この本は2015年に購入した本で、私の事務所が開業して7年目の時でした。

当時は社員3人くらいの事務所で、売上高も現在の半分くらいでした。


私としては、まだ40歳前半でしたので、どうすればさらに成長できるのかを考え、その際に出てきた考えが、組織として価値を生みだし発展させることでした。

これまでは私一人の能力で価値を生み、事務所を発展させてきたという面が大きくありました。

ここから、組織として価値を生みだすようにしていかねばならないと思ったのです。



まさに「全員経営」をする組織に成長させるという目標を決めたのです。


そのときに目にとまったのが、本書でした。


本書は野中郁次郎氏の提唱した、組織による知識創造理論としてのSECIモデルや、フロシネス(賢慮)といった経営に必要なリーダーシップ概念、ミドルアップダウン等のフレームワークを、ケーススタディで当てはめて論じていく構成になっています。

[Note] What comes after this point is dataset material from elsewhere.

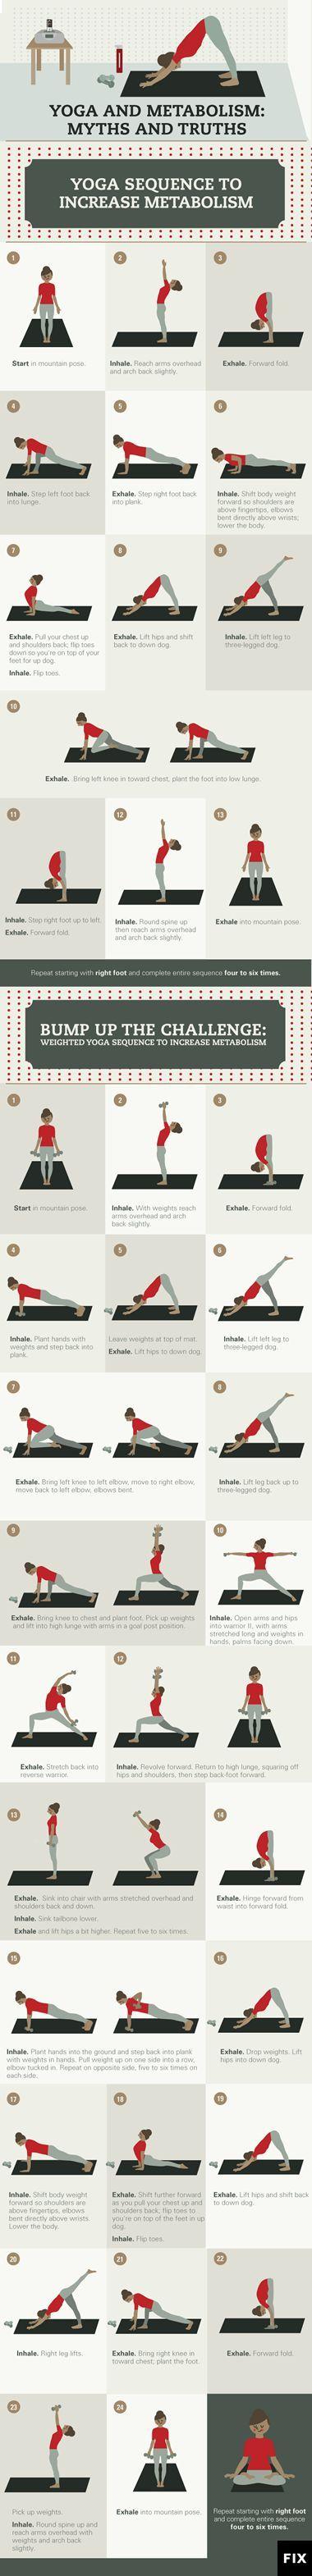 How Yoga Affects Metabolism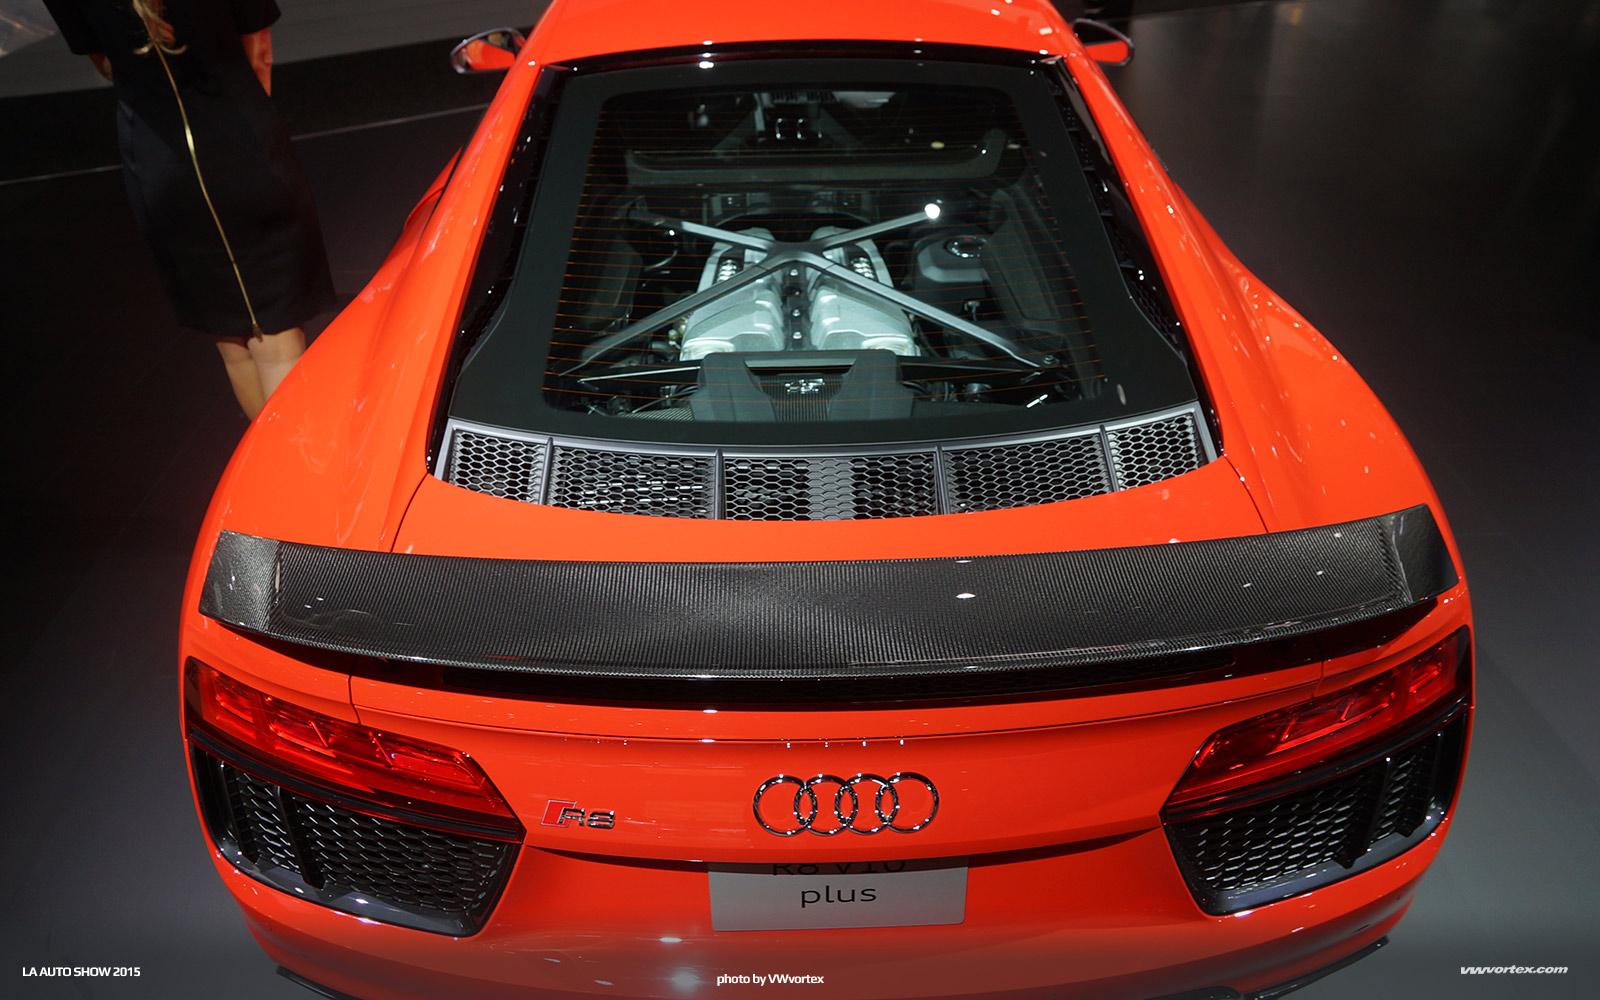 Audi-S1-pq25-carbon-fiber-grille-Neidfaktor-409

その意味では、野中氏の理論をよく読んできた読者であれば、実践としてどうすれば良いのかという勉強になりますし、これまで理論に触れてこなかった方にとっては、ケーススタディにより解説される理論を知る入り口なる本でしょう。


書籍紹介のために、今回この本を読み返して思ったのですが、いかに自分が表面だけ理論をわかっていただけだったなとか思います。

それこそ、本書でいう「修羅場の経験」を踏んで、意味を良く理解できるようになった部分があります。

論語読みの論語知らずという言葉がありますが、自分自身もそうなっていたのかも知れません。


特に「自己組織化には目標と物語に共感する場を作る」という意味は、本当に理解はできていなかったと思います。


この解説は人工衛星のはやぶさのケーススタディで出てきます。



公式、非公式に設定される場というものは、自然にできあがるのではなく、そのような意識をリーダーが持っていなければ、作られないものですね。

そしてそこに「共感」というものがなければ、人は自己組織化ー私の言葉いえば自分事として仕事を考えるというのは、なされないものです。

公認会計士という仕事をしていると数字や理論中心となり、この辺の人情や感情の機微というところに疎くなります。


人は気持ちで動くものですね。


結局、全員経営とはどうすればできるかというは、経営を共感を産む物語にすることなのかも知れません。

そして、リーダーはフロシネスを持ったリーダーシップを発揮して、ストーリーではなくナラティブに物語を語り、場を作り出し実現するのが必要なのでしょう。


野中郁次郎氏の著作は、非常に示唆を与えてくれます。

特に最近、事務所経営をますます組織で行って、発展させていかなければならないと思う事が増えたので、そう思うのかも知れません。